LearnBikeAtlas(Editorial team)21 September 20262 min read

Key takeaways

  • Set saddle height so your knee has 25 to 30 degrees of bend at the bottom of the stroke.
  • Rocking hips signal too high; front-of-knee pain signals too low.
  • Pick a stem length that gives a slight bend in your elbows on the hoods.
  • Position cleats so the ball of the foot sits over the pedal axle.
  • Change one parameter at a time and ride a week before the next adjustment.

A properly fitted bike transforms your riding experience. Pain in knees, back, neck, or hands is almost always a fit issue rather than a fitness issue. Small changes measured in millimeters can eliminate discomfort entirely.

Saddle height

This is the most impactful single adjustment. When the pedal is at 6 o'clock, your knee should have 25 to 30 degrees of bend. A simple home method: sit on the saddle and place your heel on the pedal at the bottom. Your leg should be straight. When you move the ball of your foot to the pedal, you have the correct bend.

Signs of incorrect height: rocking hips (too high), knee pain at the front of the kneecap (too low), or pain behind the knee (too high).

Reach and handlebar position

Reach determines how stretched or compressed you feel. Too far forward strains your neck and lower back. Too close cramps your breathing and makes steering twitchy.
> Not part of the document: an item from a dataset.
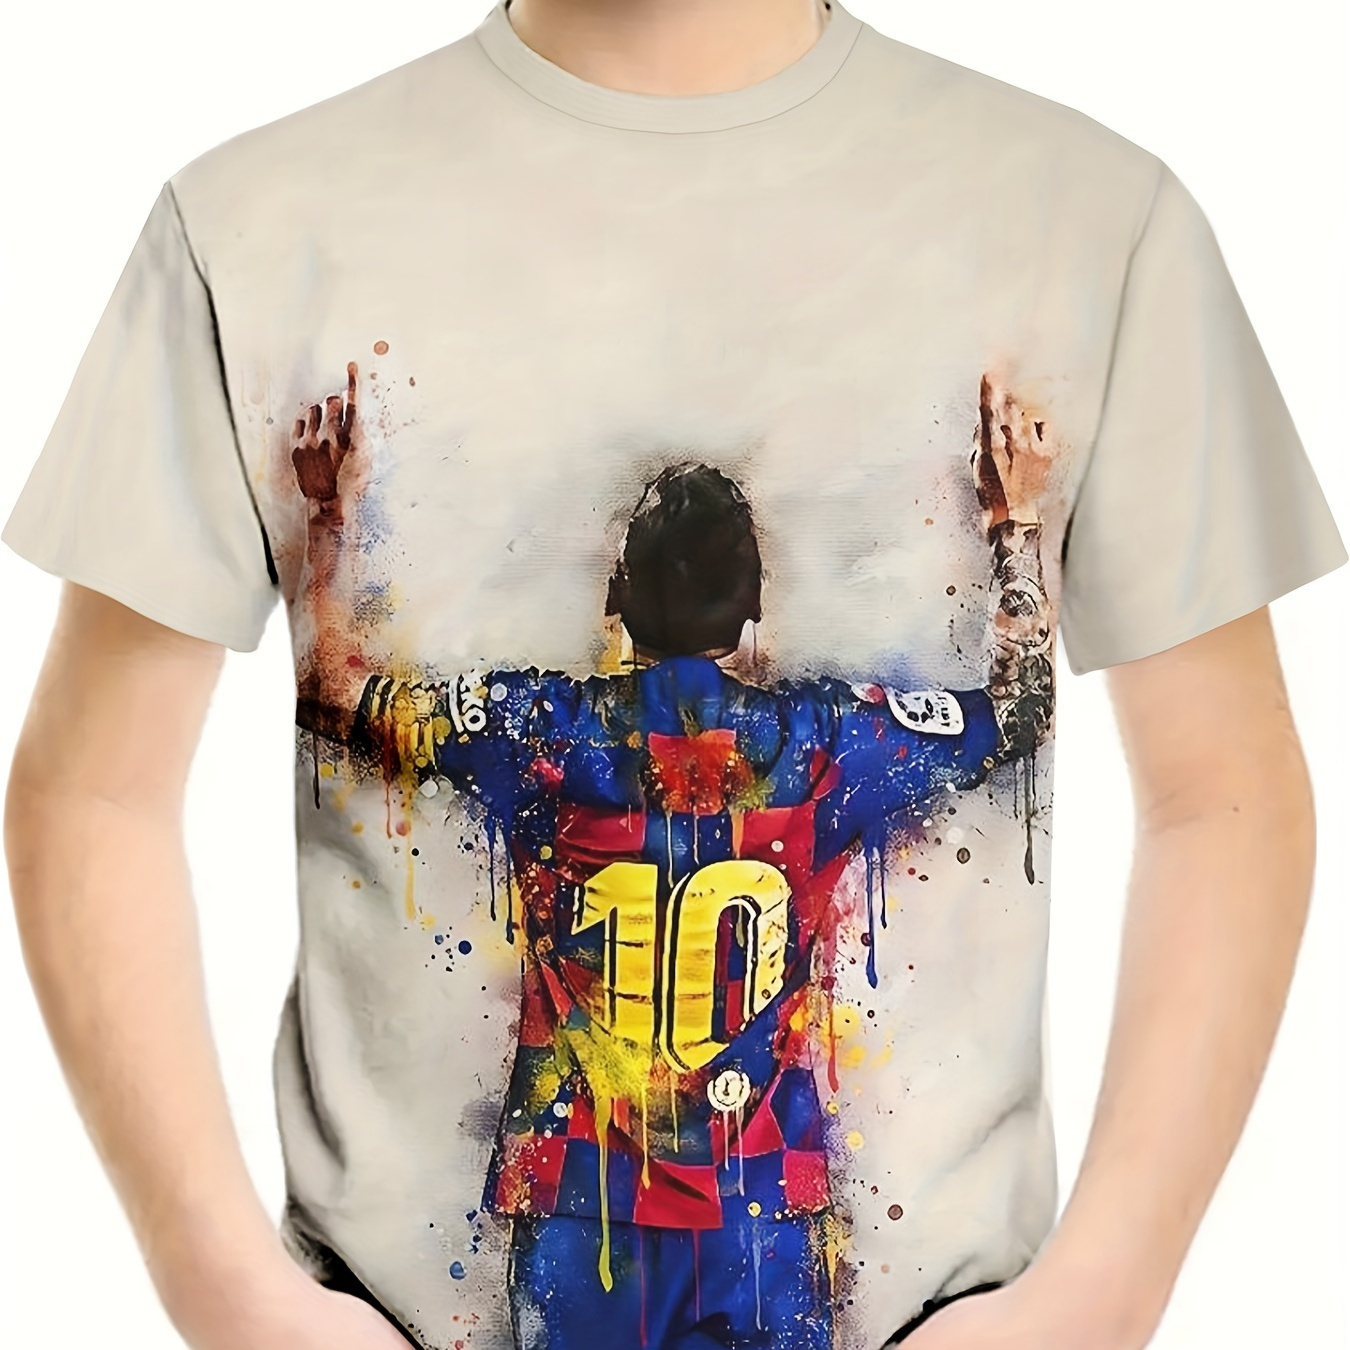 

Soccer Player Graffiti 3d Print Boy's Leisure Short Sleeve Sports T-shirt - Comfortable Summer Outdoor Clothing

Your arms should have a slight bend at the elbows when on the hoods.

  • Stem length adjusts reach: shorter stem for a more upright position, longer for a stretched aero position.
  • Handlebar width should roughly match your shoulder width.
  • Bar height (via spacers under the stem) controls how much you lean forward.
  • A slight drop from saddle to bars is normal for road riding, but comfort trumps aerodynamics for recreational riders.

Cleat position (clipless pedals)

If you use clipless pedals, cleat placement affects knee tracking. The ball of your foot should sit directly over the pedal axle. Cleat rotation (float) should allow your natural foot angle without forcing your knee inward or outward.

Make one adjustment at a time and ride for a week before changing anything else. This lets your body adapt and makes it clear which change helped or hurt.

Frequently asked questions

How do I know if my saddle is too high?

If your hips rock side to side when pedaling, your saddle is likely too high. Lower it 5 mm at a time until stable.